(Exercise data):
>>>
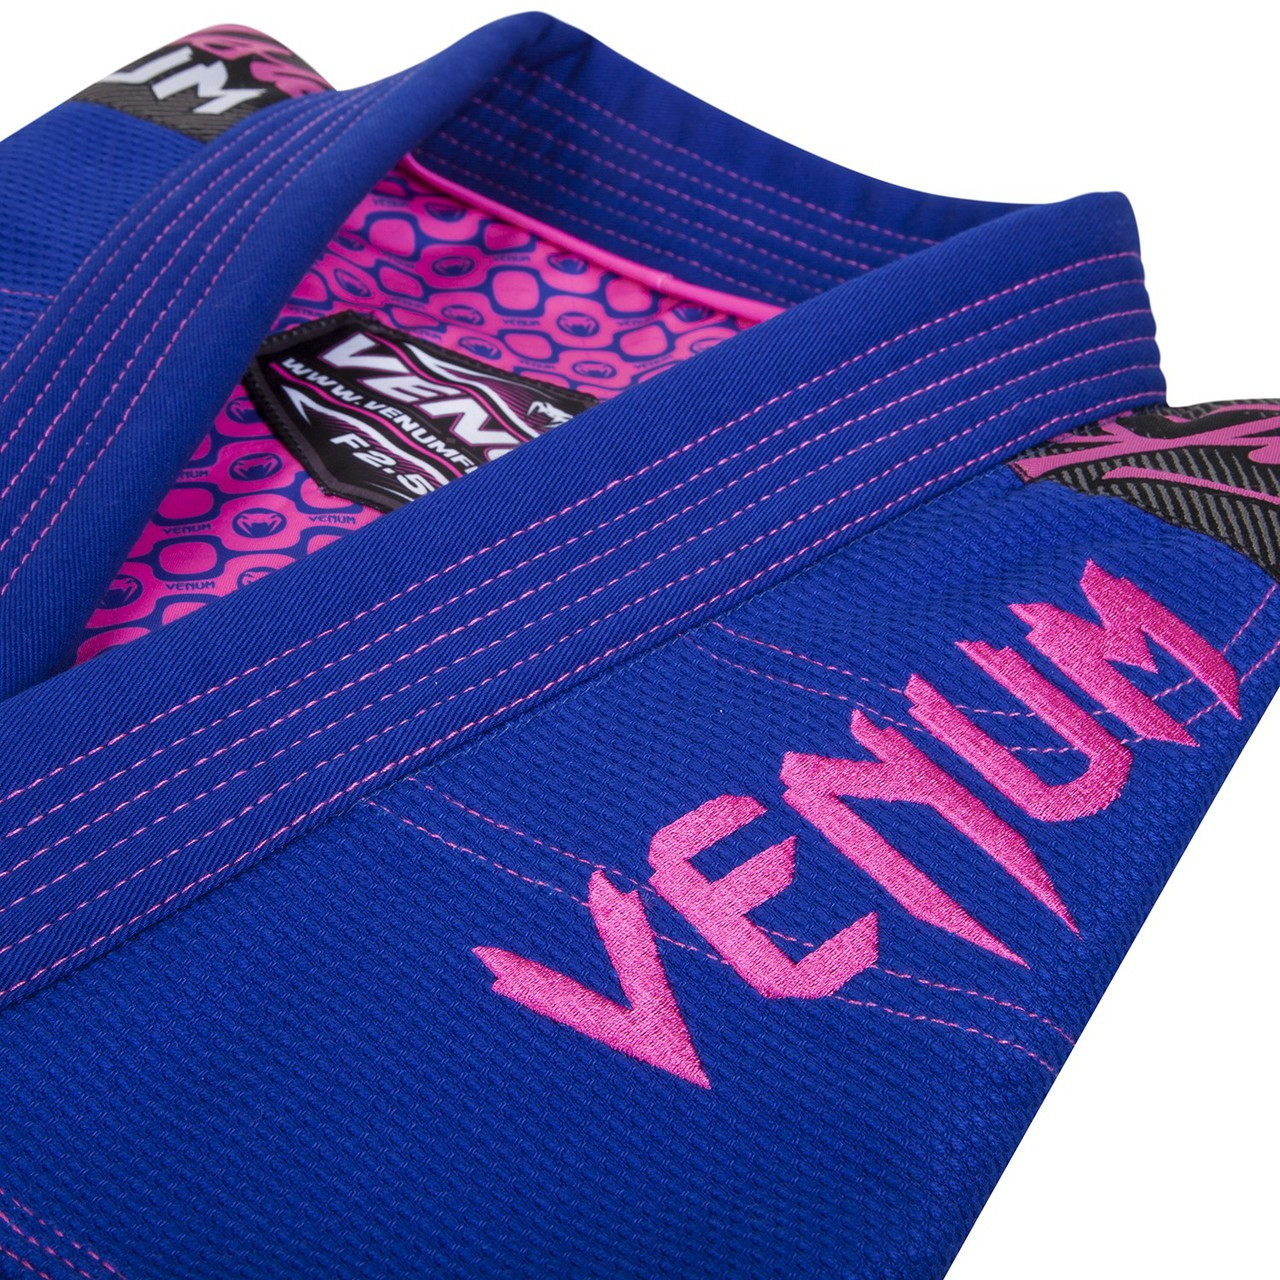 Venum Challenger 2.0 Female Gi Blue and pink.  The new Female challenger 2.0 gi is available in blue at www.thejiujitsushop.com 

Enjoy free shipping from The Jiu Jitsu Shop.  Top BJJ gear from the best brands at low prices and free shipping for men, women and kids.
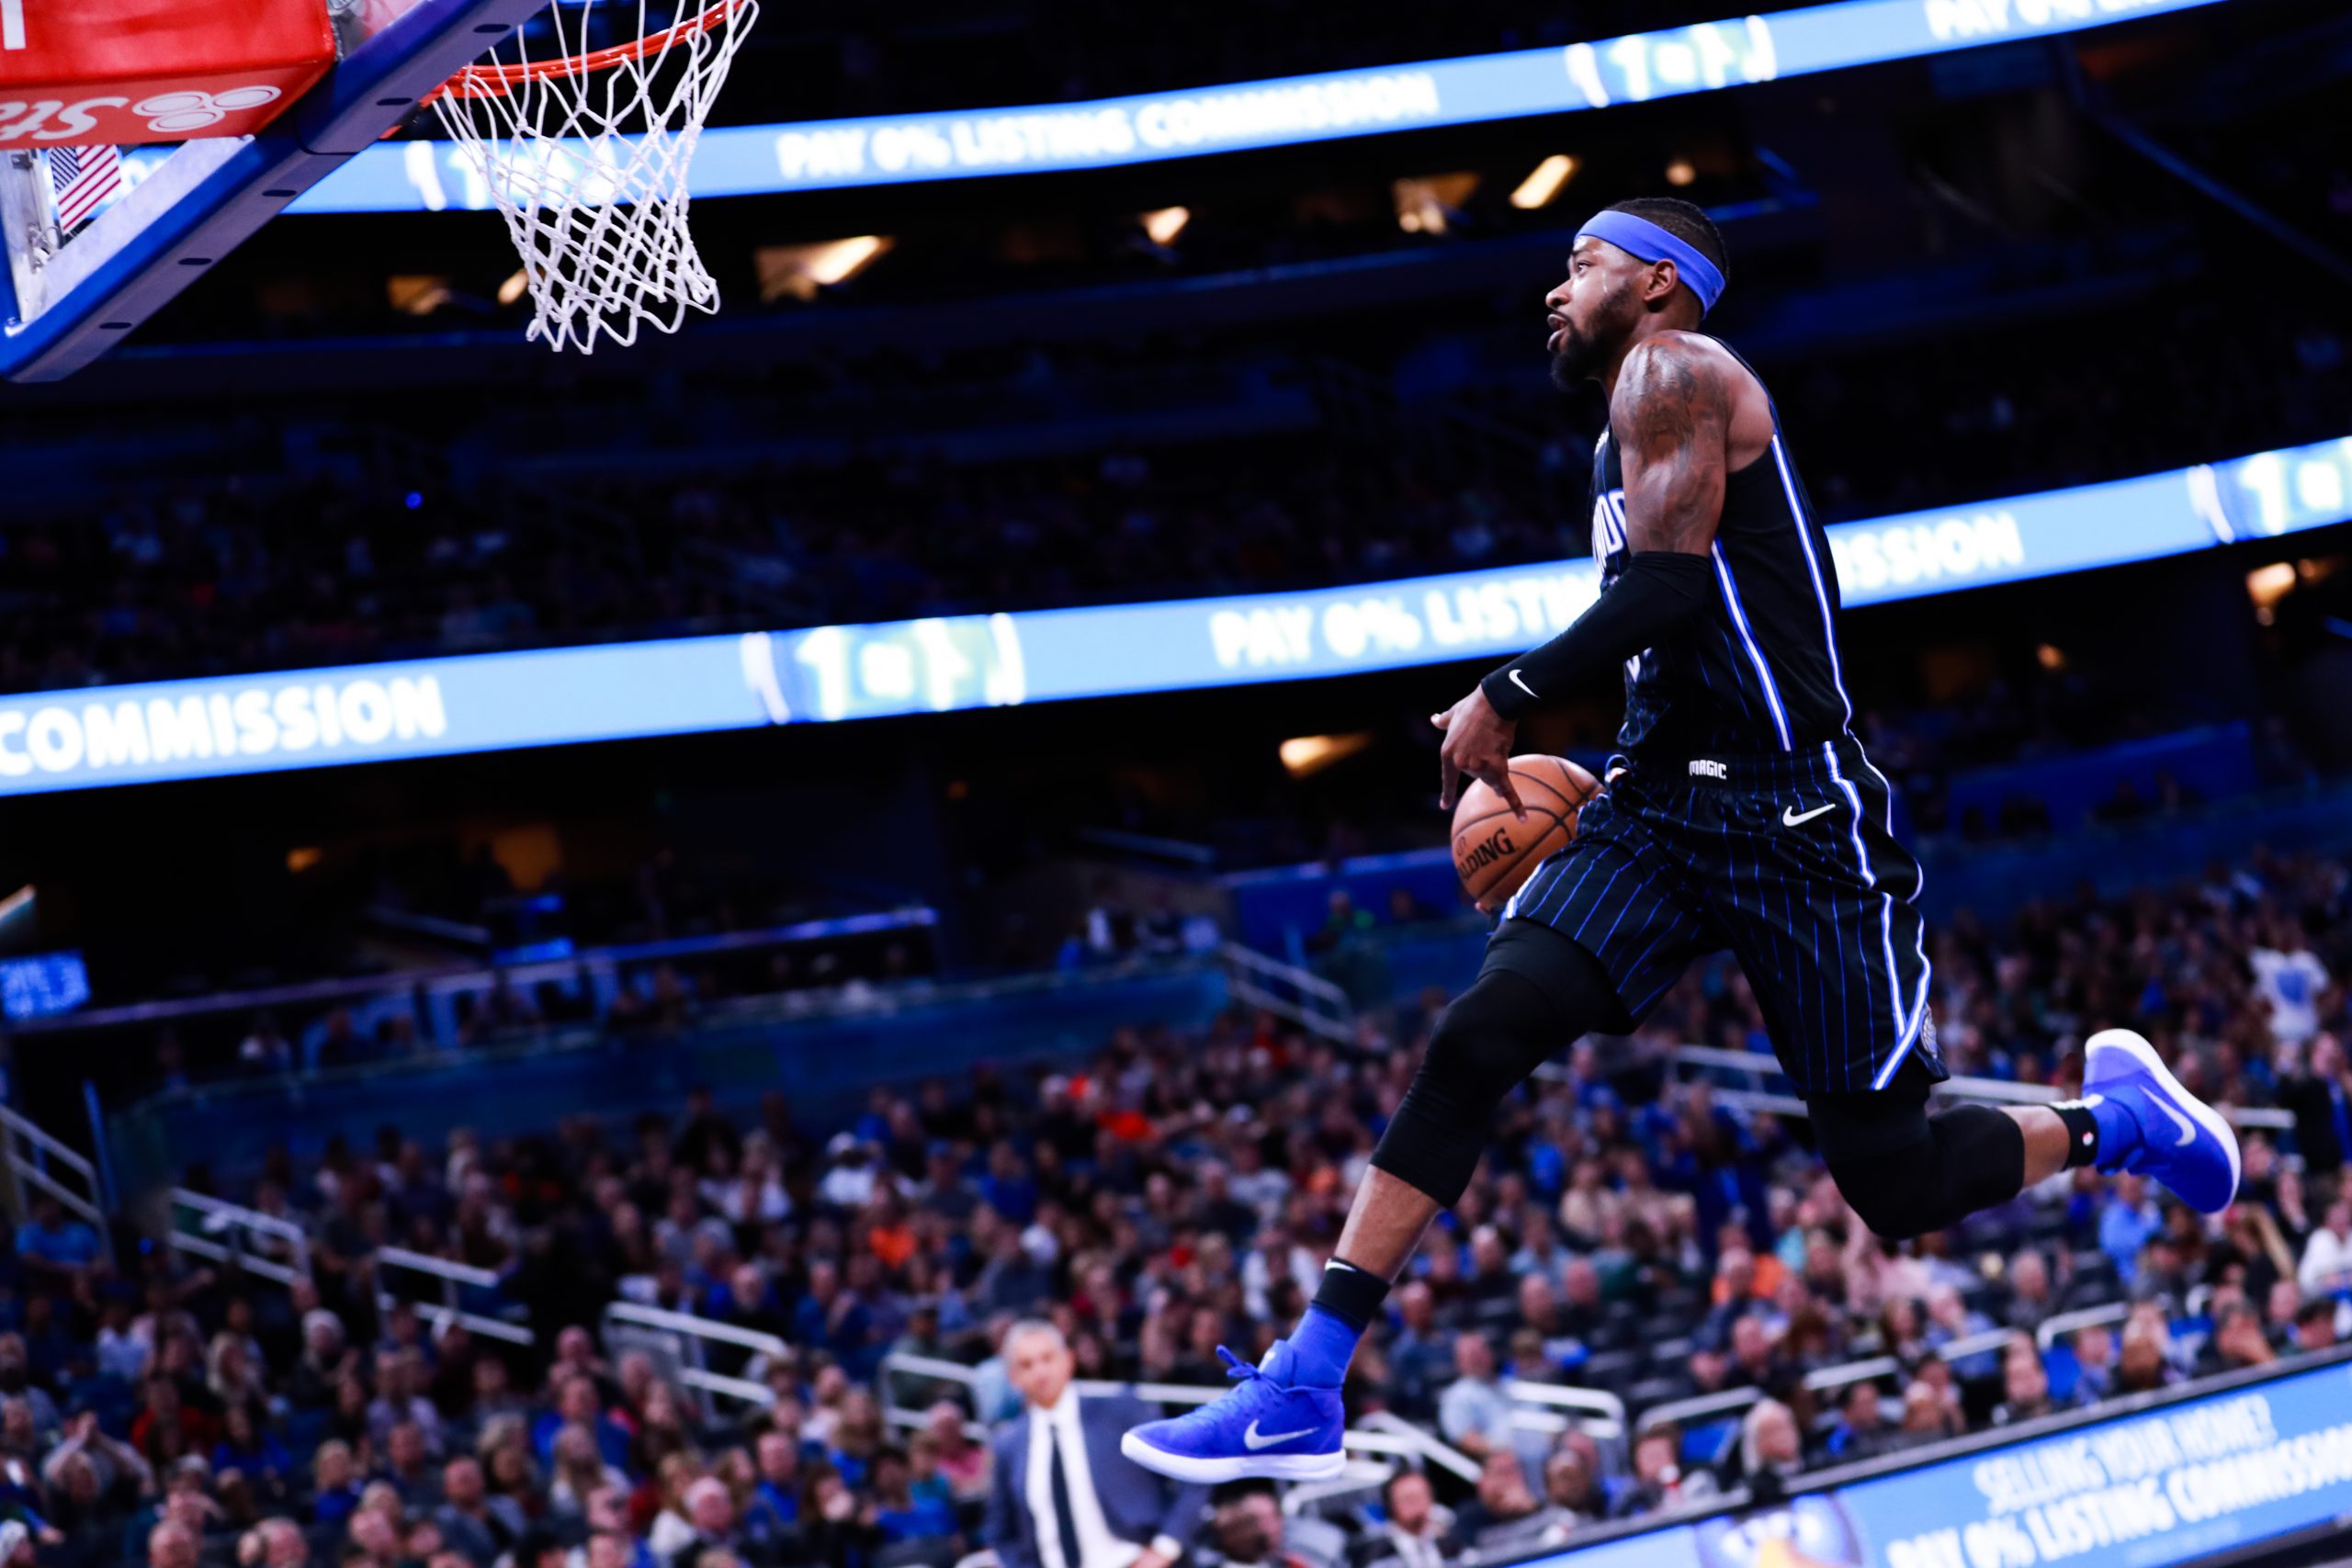 Orlando Magic stellar reserve guard Terrence Ross goes in for a windmill dunk against the Phoenix Suns in the fourth quarter at Amway Center on December 26, 2018 in Orlando, Florida.
<<<
(What is needed):
Leave out the pictures and repeat the remaining data exactly.

(The completed task):
 Venum Challenger 2.0 Female Gi Blue and pink.  The new Female challenger 2.0 gi is available in blue at www.thejiujitsushop.com 

Enjoy free shipping from The Jiu Jitsu Shop.  Top BJJ gear from the best brands at low prices and free shipping for men, women and kids.
 Orlando Magic stellar reserve guard Terrence Ross goes in for a windmill dunk against the Phoenix Suns in the fourth quarter at Amway Center on December 26, 2018 in Orlando, Florida.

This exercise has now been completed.